§ **Your assignment**: The full listing, minus its pictures, should be printed again exactly as it stands.

§ **Dataset content**:
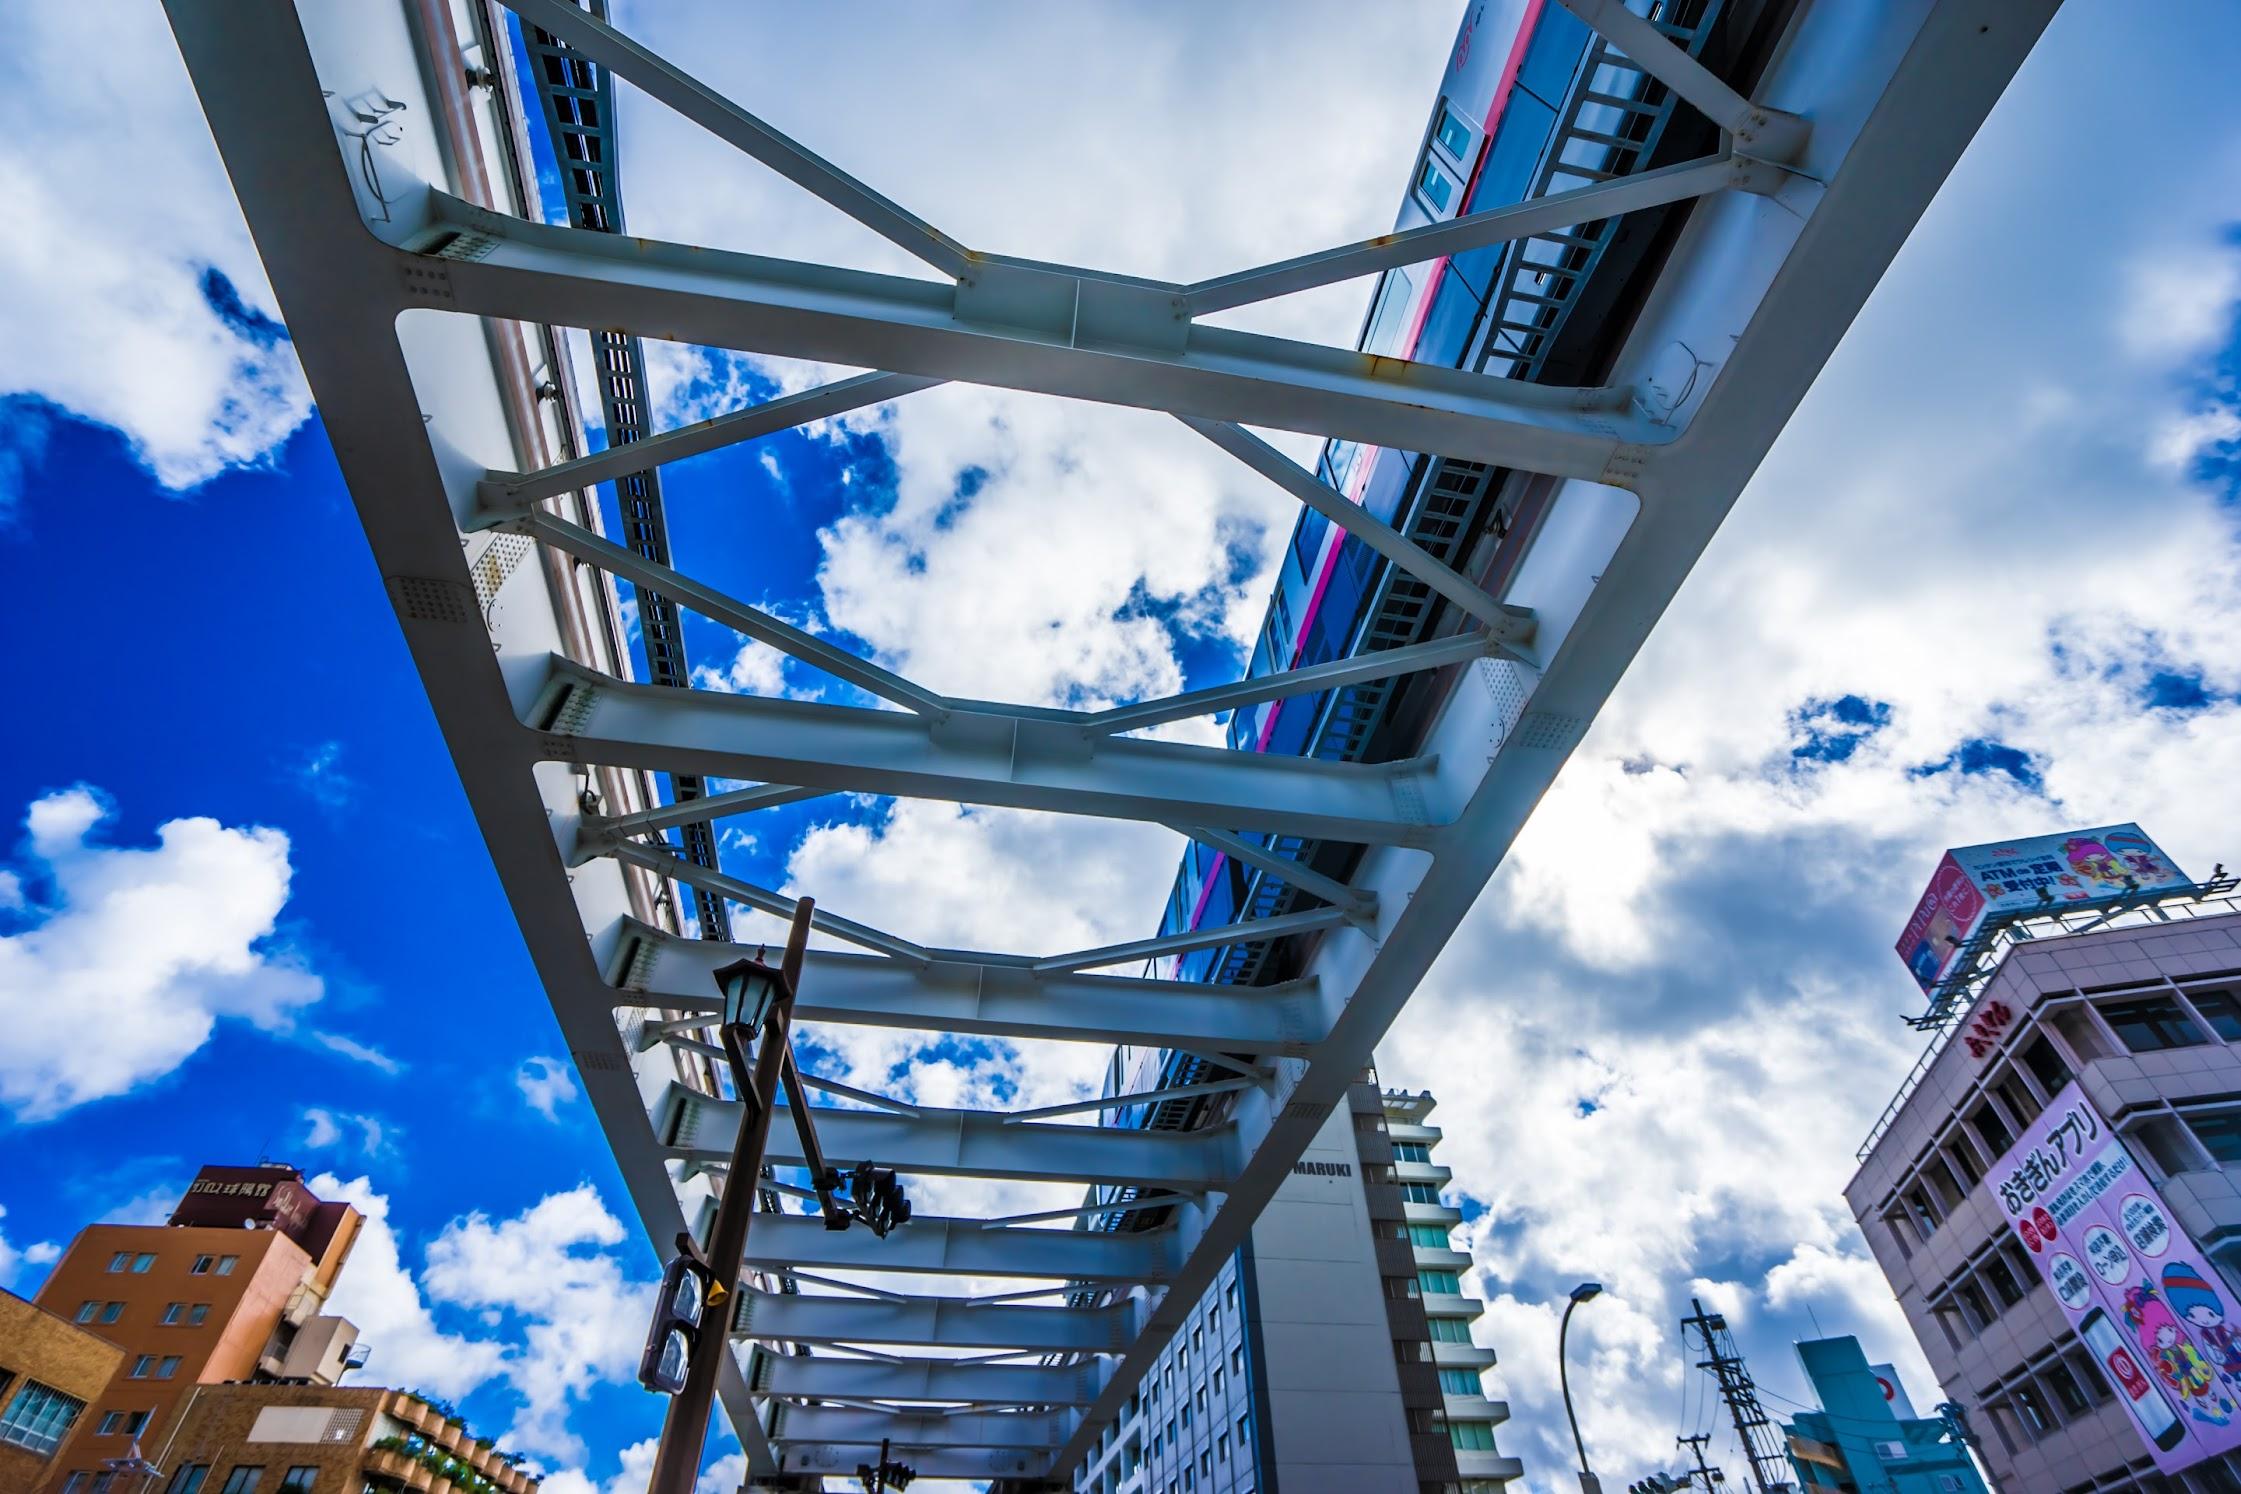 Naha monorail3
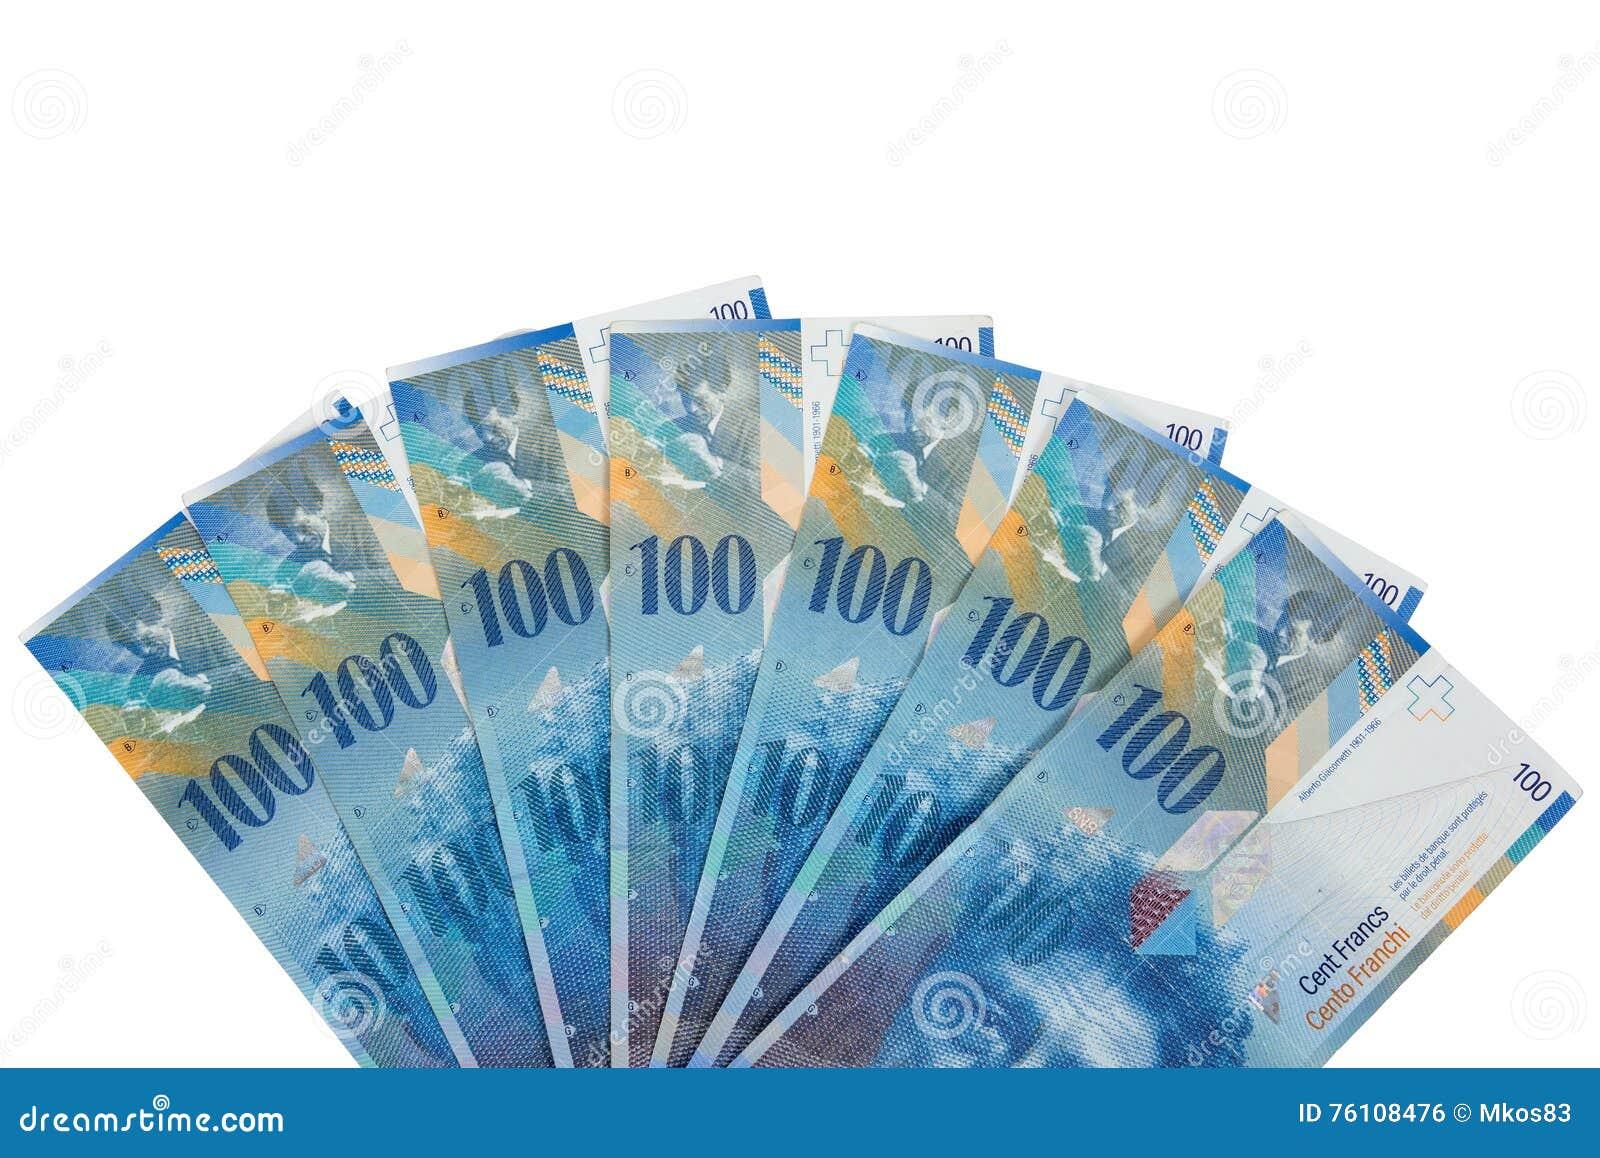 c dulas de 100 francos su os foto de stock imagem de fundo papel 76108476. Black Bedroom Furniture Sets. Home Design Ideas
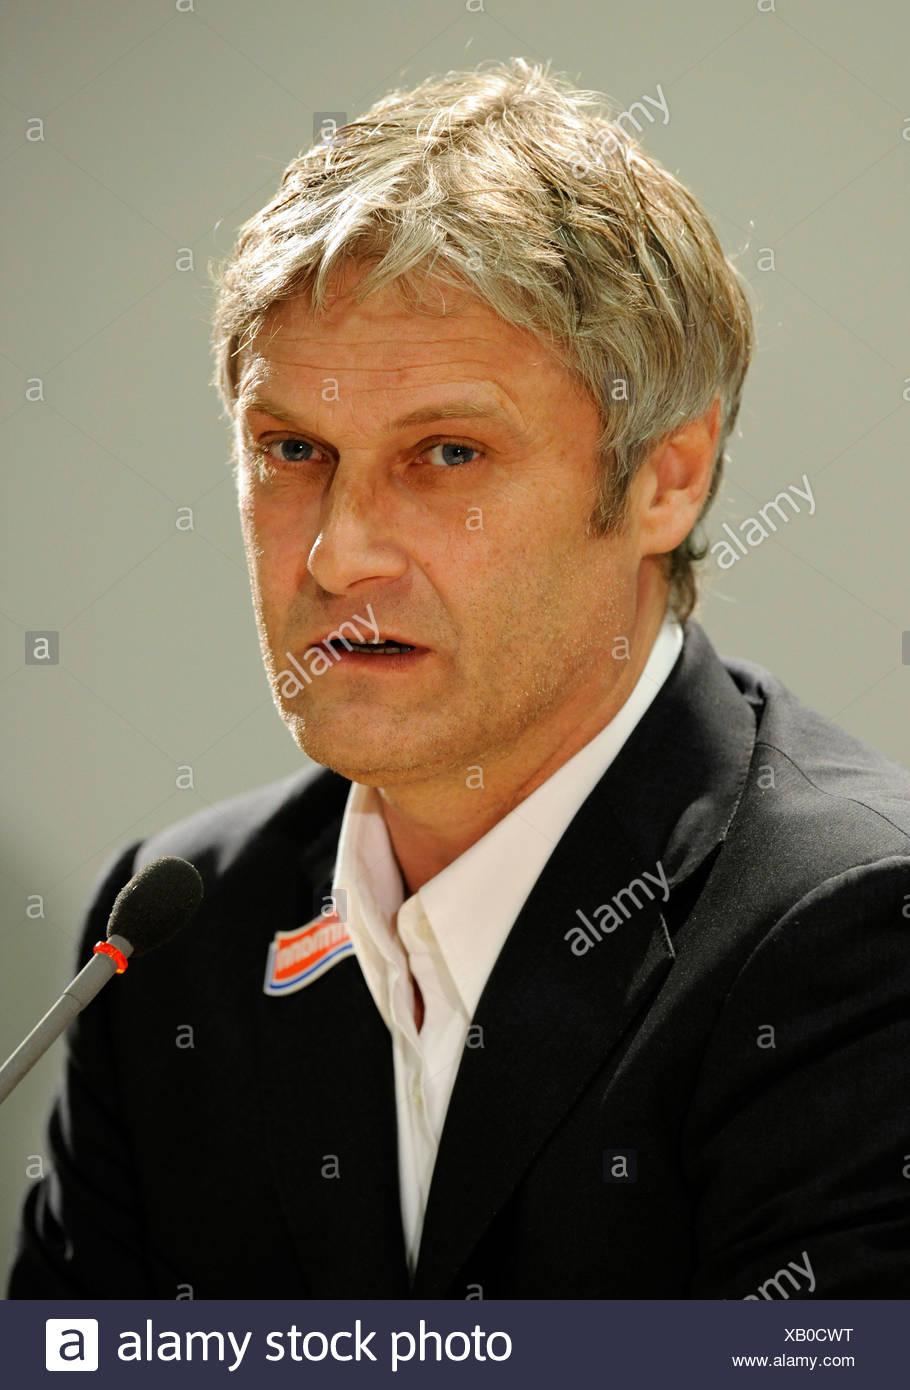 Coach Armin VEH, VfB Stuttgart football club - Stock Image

§ **Output of the task**:
 Naha monorail3
 c dulas de 100 francos su os foto de stock imagem de fundo papel 76108476. Black Bedroom Furniture Sets. Home Design Ideas
 Coach Armin VEH, VfB Stuttgart football club - Stock Image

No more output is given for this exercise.